Unnamed: 0_level_0,Overall_Tkl_90,Overall_TklW_90,Tkl_Def_3rd_90,Tkl_Mid_3rd_90,Tkl_Att_3rd_90,Dri_TklAtt_90
Player,Unnamed: 1_level_1,Unnamed: 2_level_1,Unnamed: 3_level_1,Unnamed: 4_level_1,Unnamed: 5_level_1,Unnamed: 6_level_1
Renato Tapia,3.1,1.466667,1.666667,1.133333,0.3,2.766667
Sergio Busquets,2.608696,1.521739,1.552795,0.931677,0.124224,2.267081
Fernando,2.25,1.25,0.75,1.035714,0.464286,2.714286
Casemiro,1.908127,0.989399,0.848057,0.883392,0.176678,1.519435
Igor Zubeldia,1.397059,0.882353,0.514706,0.808824,0.073529,1.544118
William Carvalho,1.055046,0.733945,0.688073,0.366972,0.0,0.642202


### Strenght 2: Blocks

###### Definition of Blocks: when a player obstructs a shot or pass initialize by an opposing player

In [23]:
list_block = ["Blocks", "Block_Sh", "Bloc_Pass"]
list_block_90s = ["Blocks_90", "Block_Sh_90", "Block_Pass_90"]

counter = 0

while counter < len(list_block):
    df_90s[list_block_90s[counter]] = df[list_block[counter]] / df["90s"]
    counter += 1    

In [24]:
df_90s.groupby(by=["Player"])[["Blocks_90", "Block_Sh_90",  "Block_Pass_90"]].mean().sort_values(by=["Blocks_90"], ascending=False)

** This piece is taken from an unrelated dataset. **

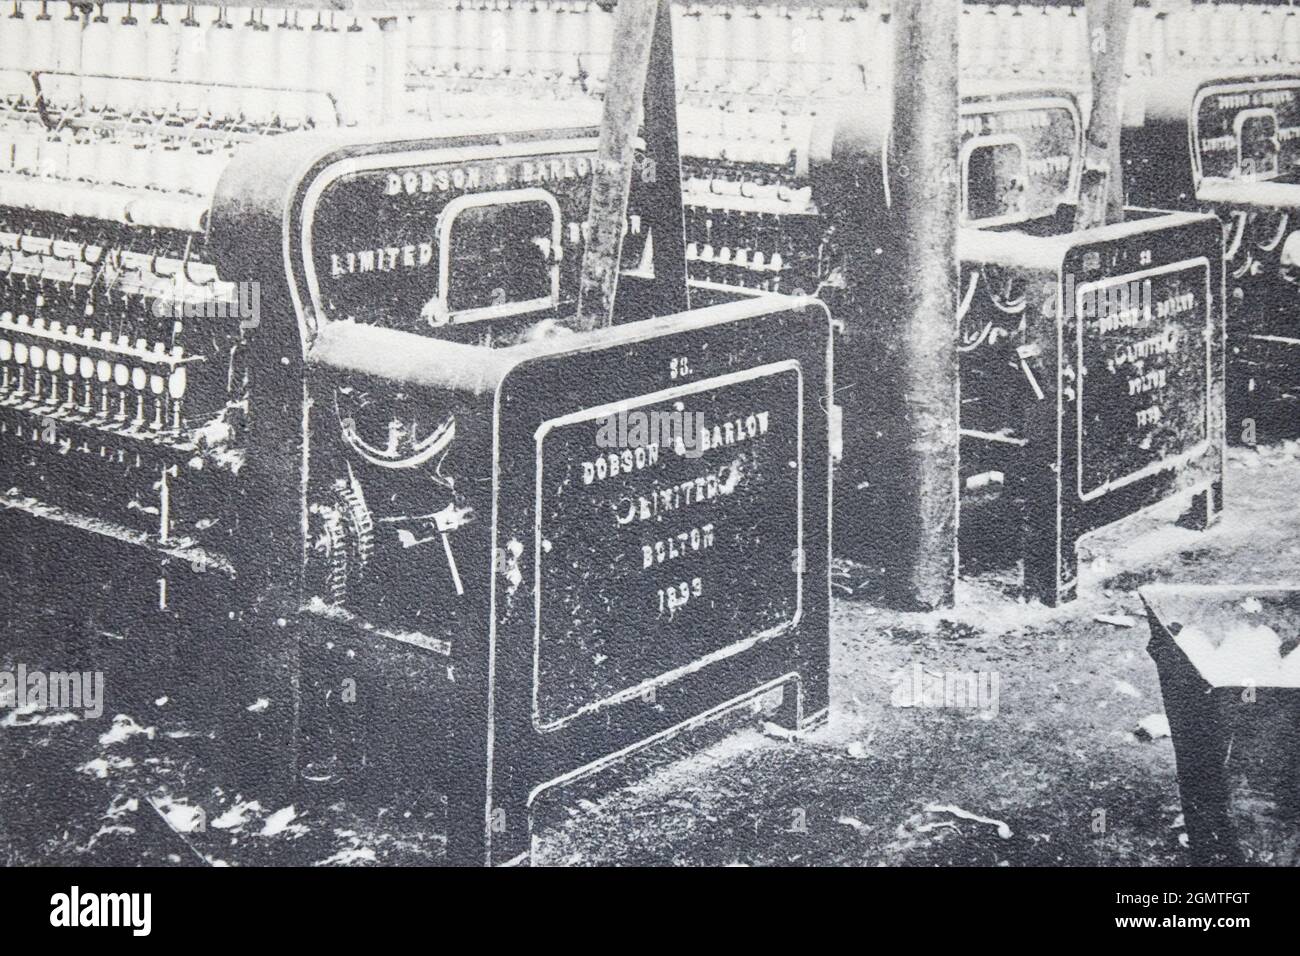 Machines de pompage d'eau Dobson & Barlow dans une usine de traitement des fibres de Transcaucasie en 1902. Banque D'Images

Unnamed: 0_level_0,Blocks_90,Block_Sh_90,Block_Pass_90
Player,Unnamed: 1_level_1,Unnamed: 2_level_1,Unnamed: 3_level_1
Renato Tapia,1.866667,0.433333,1.433333
Sergio Busquets,1.552795,0.52795,1.024845
Fernando,0.964286,0.142857,0.821429
William Carvalho,0.917431,0.59633,0.321101
Casemiro,0.883392,0.388693,0.4947
Igor Zubeldia,0.808824,0.220588,0.588235


In [29]:
# export the dataset to a final csv file
df_90s.to_csv("cdm_90_dataset.csv", index=False)
df_90s.to_excel("cdm_90_dataset.xlsx")

## Viz

![Screen Shot 2022-11-01 at 11.19.56 PM.png](attachment:0b74b137-fa79-471c-a12c-1463f2701ede.png)

### Observations

- When it comes to the success rate in Tackle vs Dribbles, Tapia is better than Busquets and Carvalho, still behind Zubeldia, Fernando and Casemiro.
- When it comes to the amount of tackles per 90 minutes, Tapia leads by difference. 
- Tapia also is on top when it comes to tackles won per 90 minutes, only outperformed by Busquets.
- We also see the Tapia has a high number of Tackles in both the defensive and mid 3rd of the field, in which he outperforms Busquets and is again on top in both zones.
- We can argue that Tapia is a blocking specialist, accounting with a total of 1.87 blocks per game, outperforming by difference the other players.